Roy Kim, a senior Nvidia product manager, told us the way forward is a "hybrid" approach, with a less-accurate model on the device so that decisions can be made immediately while a more powerful backend processes the situation and returns a more nuanced decision. State-of-the-art image-recognition systems have more than 150 layers of neurons, said Kim, hence the need for some more oomph on the inference side.
To maximize inference throughput, so your IoT personal-assistant-in-the-cloud doesn't leave you hanging for too long when you ask it a question, Nvidia has added two instructions to its Pascal architecture: IDP2A and IDP4A. These perform two and four-element 8-bit vector dot product calculations with a 32-bit accumulation.
The diagram of a single neuron below looks horrific but it's not as scary as you think. You've got values
x1 to
xn coming in on the left along
n paths. Each
xi input value is multiplied by its path's weight
wi, and then the results of these multiplications are all added up. That's the dot product part.
Then that sum is fed into a threshold or activation function, and that output is fed into the next perceptron in the network.
When you link these together you get something looking like this basic network, which has two inputs, three neurons, and an output.
So, ignoring the activation function, that top neuron's dot-product output is: (
M x
θ1) + (
J x
θ2). Now imagine those variables are each 8-bit integers ranging from -127 to 127, or 0 to 255. Now imagine doing up to 47 trillion of those dot-product operations a second, all combining inputs to feed into the next stages of a network. That's what Nvidia's P40 is claiming to do. That's what Nv means by accelerated 8-bit dot product calculations.

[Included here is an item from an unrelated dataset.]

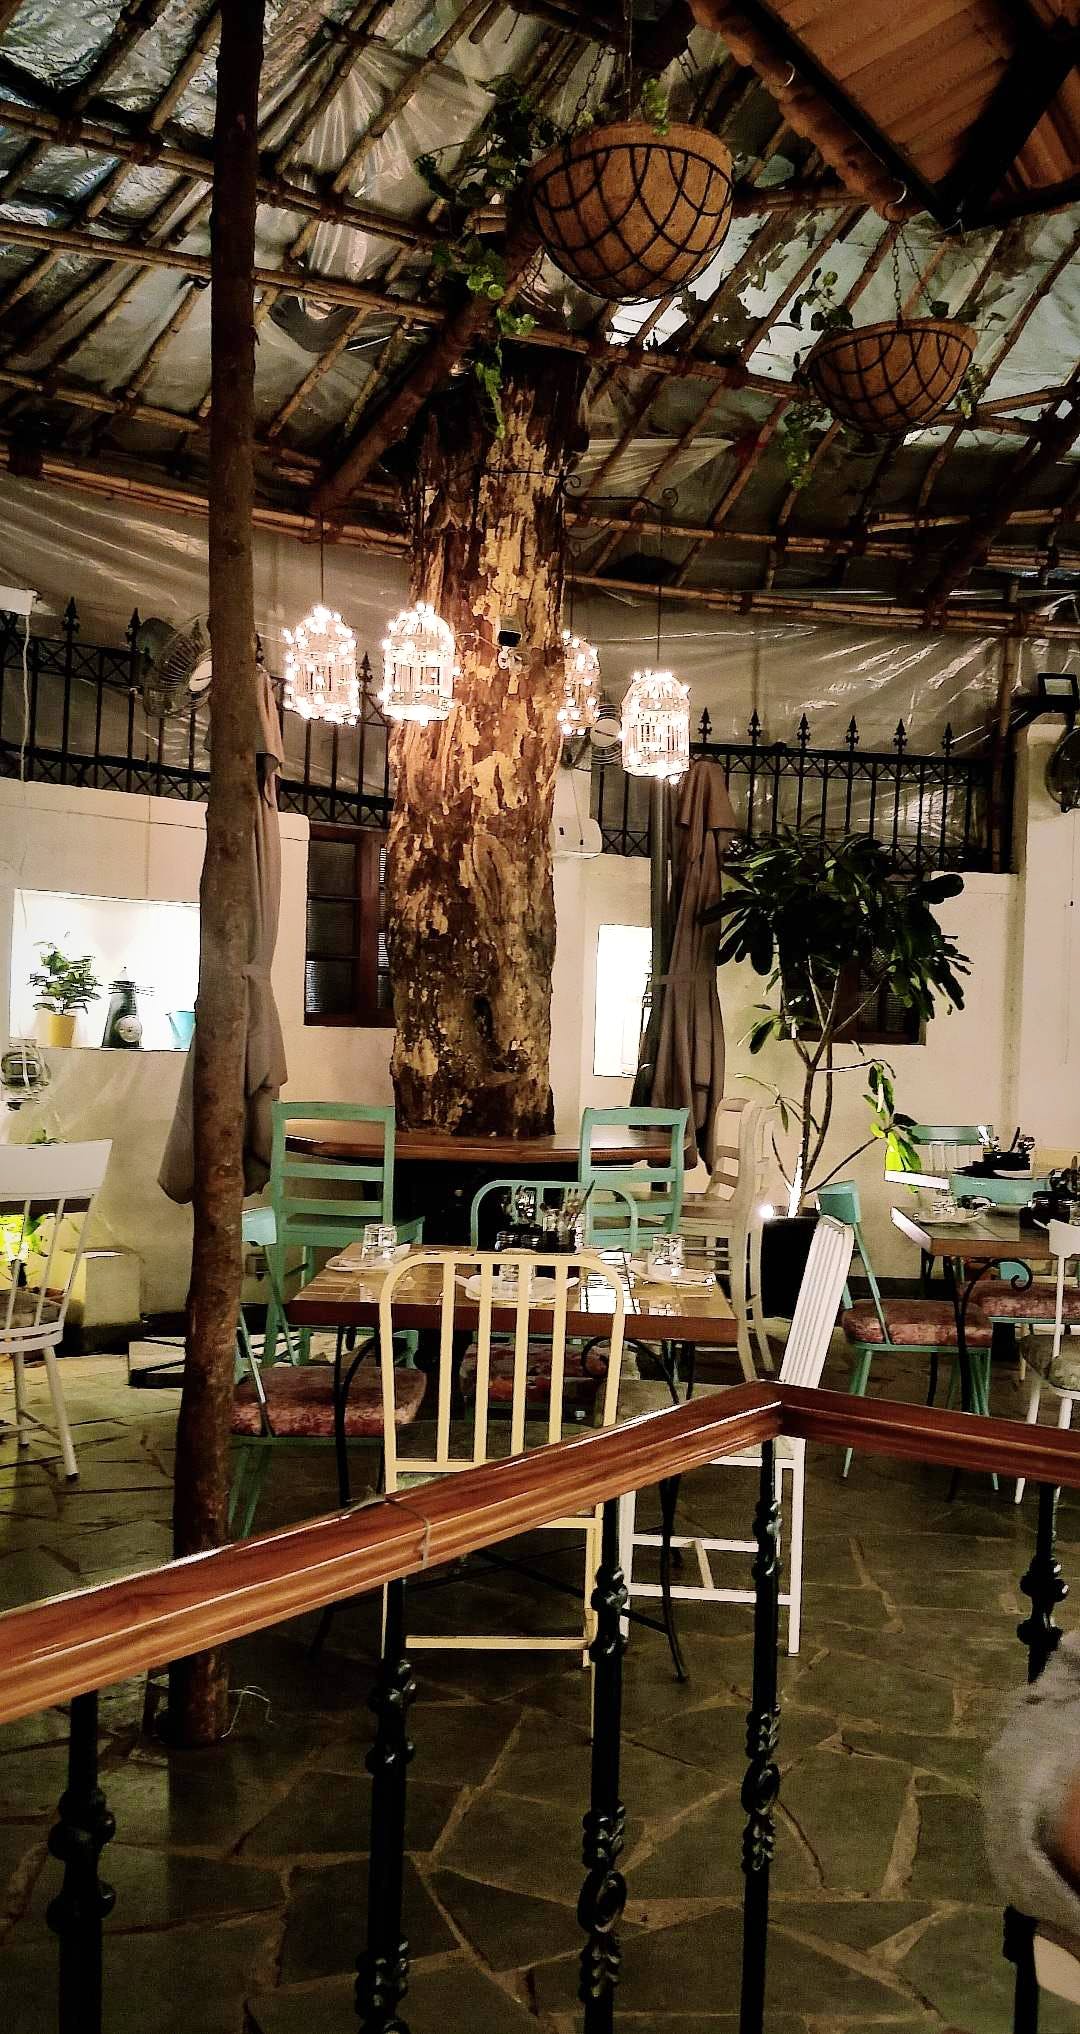 Furniture,Table,Room,Building,Interior design,Tree,Chair,Branch,Architecture,Chandelier

Nvidia also claims its P4 can do, at its very best, 21.8 trillion operations a second using 8-bit integers, and that the P4 is "40 times more efficient" than an Intel Xeon E5 CPU in terms of the number of images classified per second per watt using an AlexaNet-trained model.
The P4 and P40 will go on sale in October and November, we're told. If you really want to get your hands on similar kit now, Nv's Pascal-based
Titan X graphics card, which emerged in July, can also do 44 TOPS of 8-bit integer operations. The P40 is basically a slightly beefier Titan X.
Meanwhile, Nvidia has released
TensorRT, an inference engine to run on its hardware, and a software development kit called
Deepstream, which can identify people and objects in high-resolution (HEVC, VP9) video.